FIG. 1 schematically shows a method 100, a device 10, a storage medium 15, and a computer program 20 according to exemplary embodiments of the present invention. FIG. 1 furthermore illustrates the method steps for the automated analysis of software tests of a software. According to a first method step 101, an error log 50 about an incorrect execution of the software can be ascertained. In this respect, the error log 50 can specify an execution context of the incorrect execution. Thereafter, ascertaining test logs 60 can be provided according to a second method step 102. The test logs 60 can result from a performance of the software tests of the software that preceded the incorrect execution of the software. The software tests can comprise a plurality of existing test cases 70, which test various functions of the software. In this respect, the test logs 60 can specify a respective execution context of the existing test cases 70. The execution context can in particular be understood to mean that the context is specified with regard to the inputs and/or outputs of the software and, if necessary, further execution conditions in the execution of the software according to the test case or in the incorrect execution. According to a third method step 103, an evaluation of the test logs 60 on the basis of the error log 50 can subsequently be provided, wherein the evaluation 103 takes place on the basis of a similarity of the execution context of the incorrect execution to the respective execution context of the existing test cases 70. The evaluation 103 can take place at least partially on the basis of machine learning. This can also make it possible to generate, on the basis of the evaluation 103, a test case 70 that is suitable for reproducing the incorrect execution, wherein the generation of the test case 70 preferably takes place by a machine learning model 80 trained for this purpose.

Test cases are in particular one of the essential elements of a software test. A test case can represent the conditions under which the system to be tested is executed in order to find an error (bug). If a test case detects an error, the test is regarded as successful. The occurrence of errors or bugs means that the tests carried out are not sufficient and have some leakages. It therefore must be ensured that these errors or bugs do not occur again and that the software tests are improved by eliminating discovered leakages. A goal of exemplary embodiments of this invention can be for a machine learning (ML) method to be implemented in a test automation suite in order to check, for any serious defect or error, what can be improved in the software tests.

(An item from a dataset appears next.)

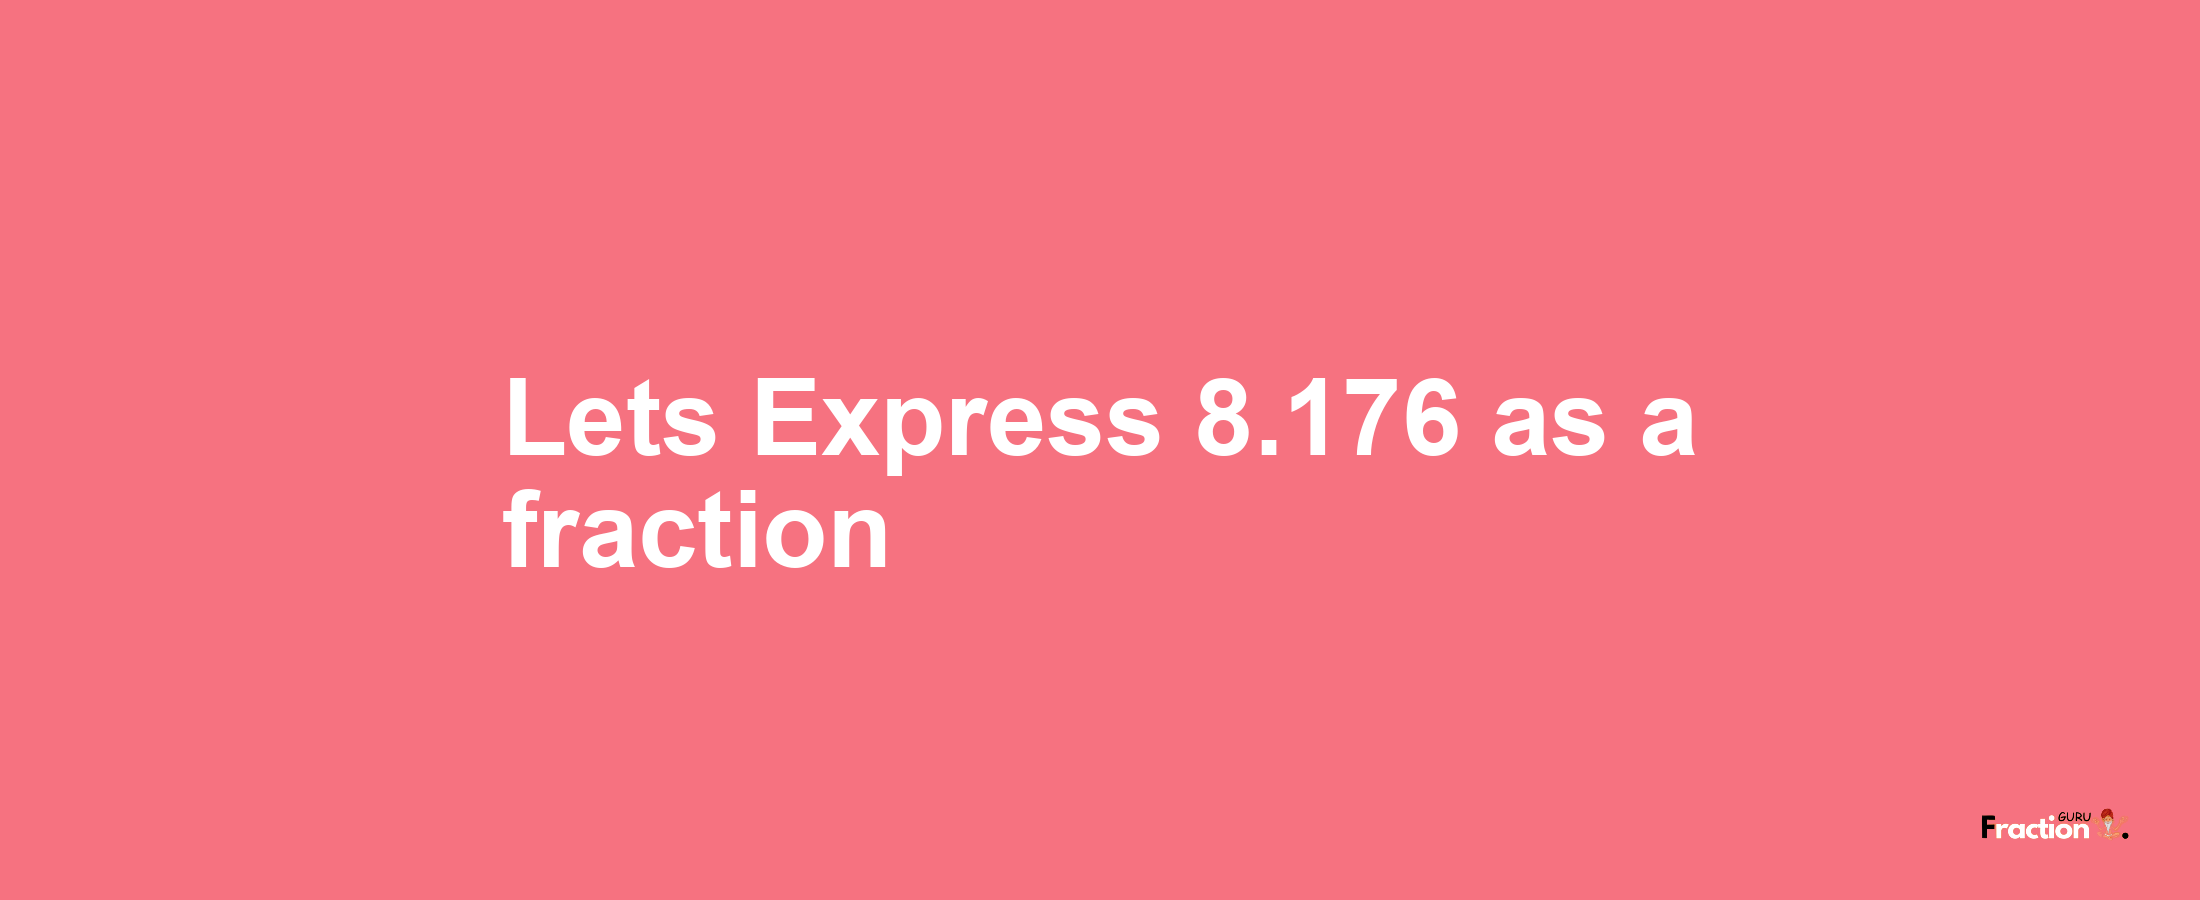 Lets Express 8.176 as afraction

It can be provided that, for each new serious defect or error, it is first ensured that logs with information about the defect or error and/or about an execution of the software when the defect or error occurred are provided. Subsequently, it is possible to compare the provided logs to logs that have already been recorded by previous test campaigns and to analyze them. Machine learning algorithms can be used for this purpose. The analysis may show that an already defined test case can be improved. It can also be ascertained in which way the test case can be improved, for example with regard to its configuration and/or parameter settings, and/or the like. It is also possible that a proposal for a new test case is ascertained on the basis of the analysis, in particular on the basis of a series of already defined basic test steps. In addition, a notification can be output to the software tester that a proposal for a new test improvement or for the creation of a new test case is not possible and manual interaction is required in order to define the next steps for test improvement.

Furthermore, according to the aforementioned steps, test scripts can be generated automatically. The strategy used to create new tests or improve existing tests is, for example, based on the data mining AI algorithms of the logs provided with the serious error or defect. The values used to create new tests or improve the defined test paths can, for example, be ascertained directly from the logs by means of AI-ML algorithms. This approach has the advantage that it can be ensured that any reported error does not occur again in any application scenario, which leads to greater effectiveness and efficiency of the overall testing activities.

In order to train a machine learning model 80 for the evaluation and/or generation of the test case, training data can first be provided. In them, a plurality of test logs, as input data, and associated annotation data can be provided. In the annotation data, the logs can be correctly assigned to the preceding test cases for cases ascertained and/or constructed by way of example. The machine learning model 80 can, for example, comprise at least one artificial neural network, e.g., a convolutional neural network (CNN). A further possibility is the use of a recurrent neural network (RNN), which is particularly suitable for the processing of sequences, such as text or time series. The training can, for example, be carried out by means of back-propagation and/or supervised learning in order to adapt the weightings in the artificial neural network in this way. For example, the model 80 is trained on the training data in that the predictions are made on the basis of the input data and the weightings are then adapted by means of back propagation in order to achieve a better match with the annotation data. A check of the match can, for example, be carried out by means of a loss function. Used as a loss function is, for example, a mean squared error (MSE), preferably a categorical cross-entropy. A ReLU activation function for the hidden layers and the softmax activation function for the output layer can furthermore be used.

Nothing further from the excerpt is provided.